TASK STATEMENT
Skip every picture, and copy exactly the lines from the one containing "Basquiat Gray vinyl" to the end of the data.

DATA SEGMENT
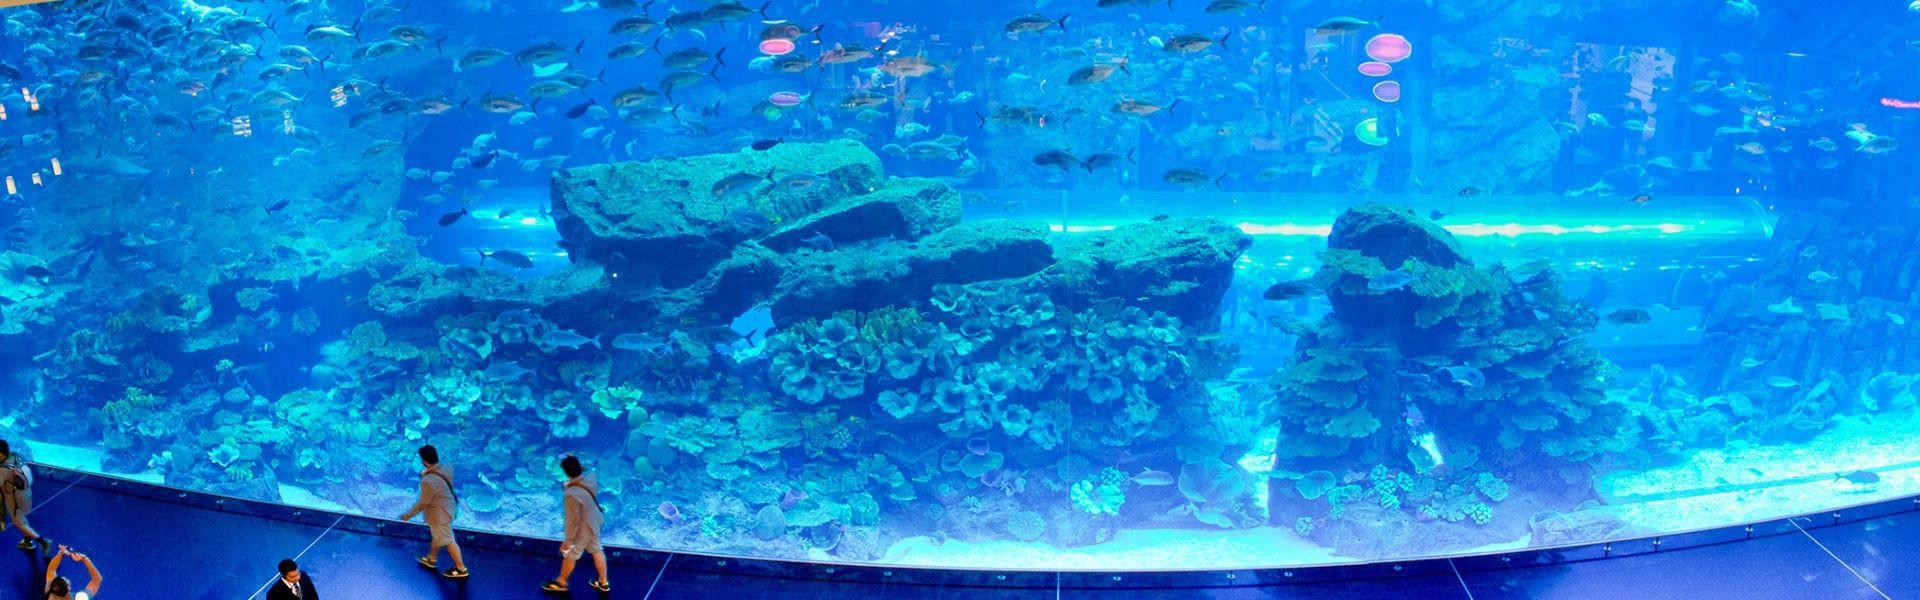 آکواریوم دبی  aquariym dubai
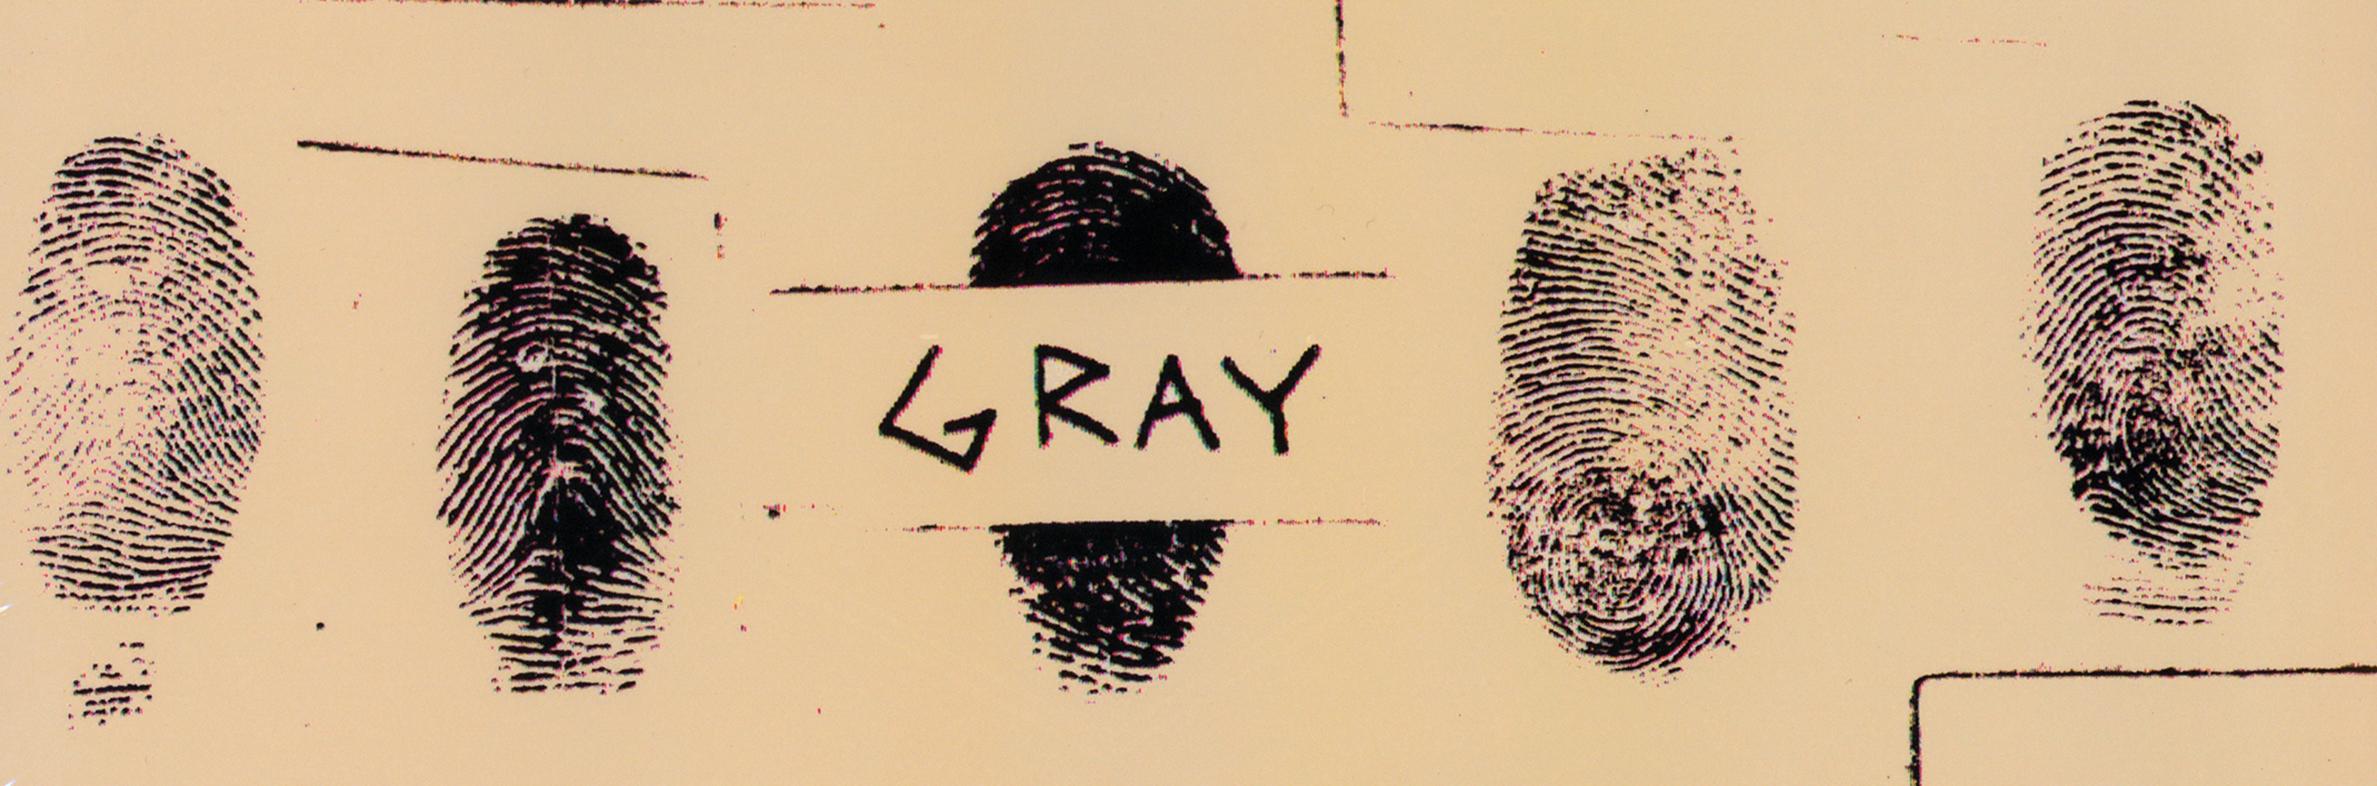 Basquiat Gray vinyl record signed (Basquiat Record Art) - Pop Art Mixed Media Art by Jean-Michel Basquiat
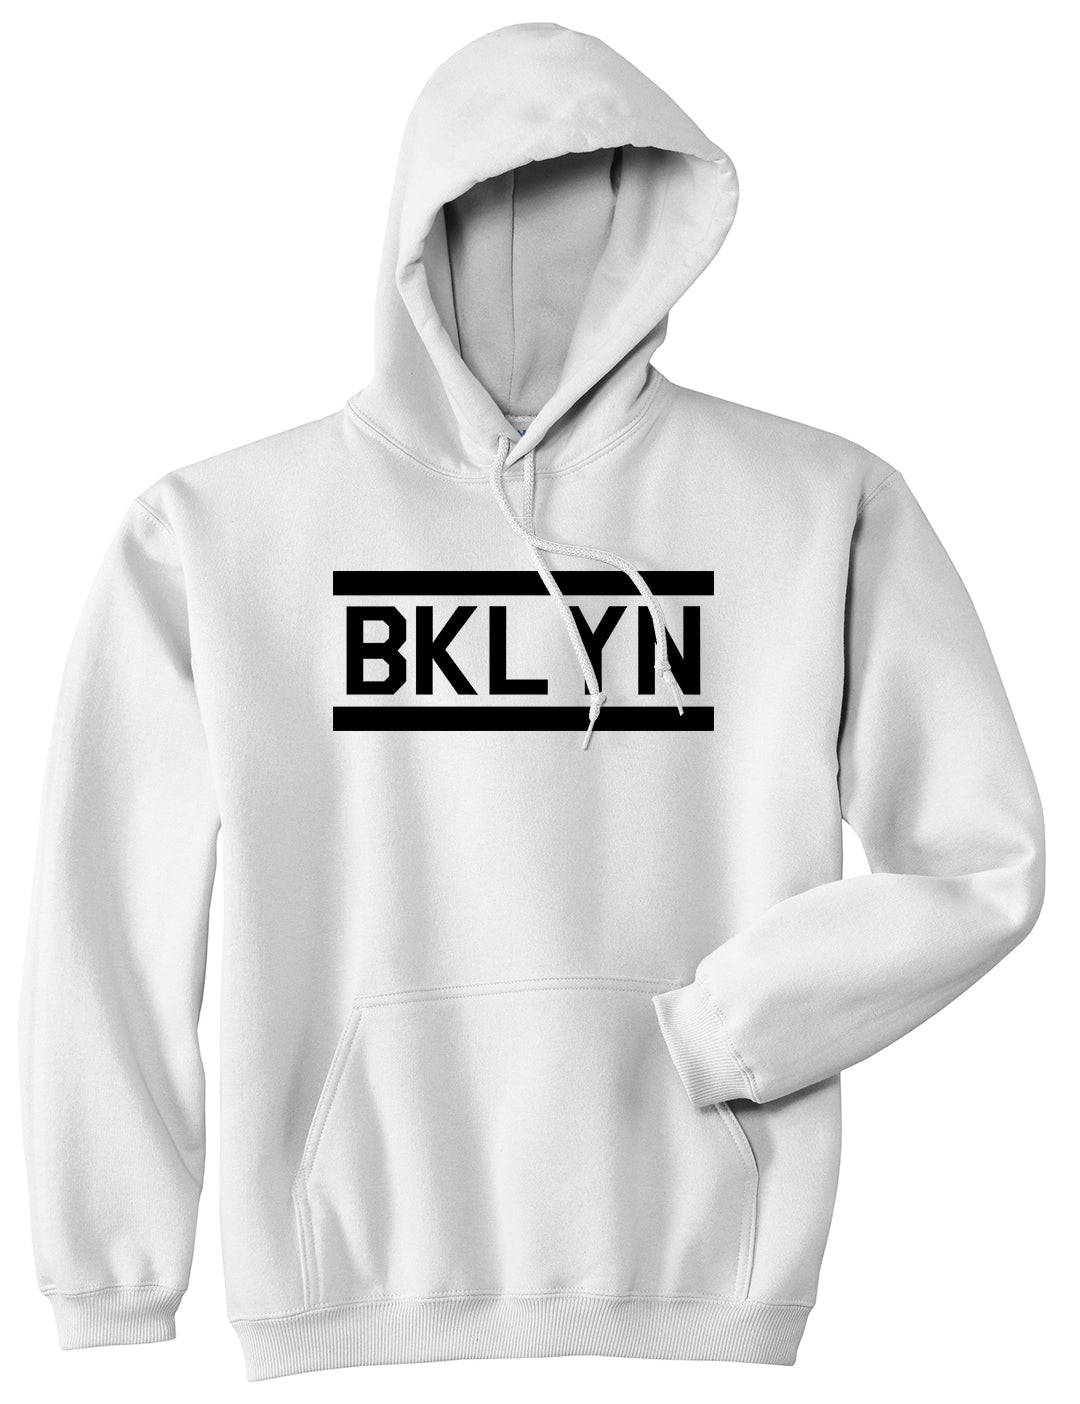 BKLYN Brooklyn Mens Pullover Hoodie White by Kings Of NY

RESPONSE TO THIS EXERCISE
 Basquiat Gray vinyl record signed (Basquiat Record Art) - Pop Art Mixed Media Art by Jean-Michel Basquiat
 BKLYN Brooklyn Mens Pullover Hoodie White by Kings Of NY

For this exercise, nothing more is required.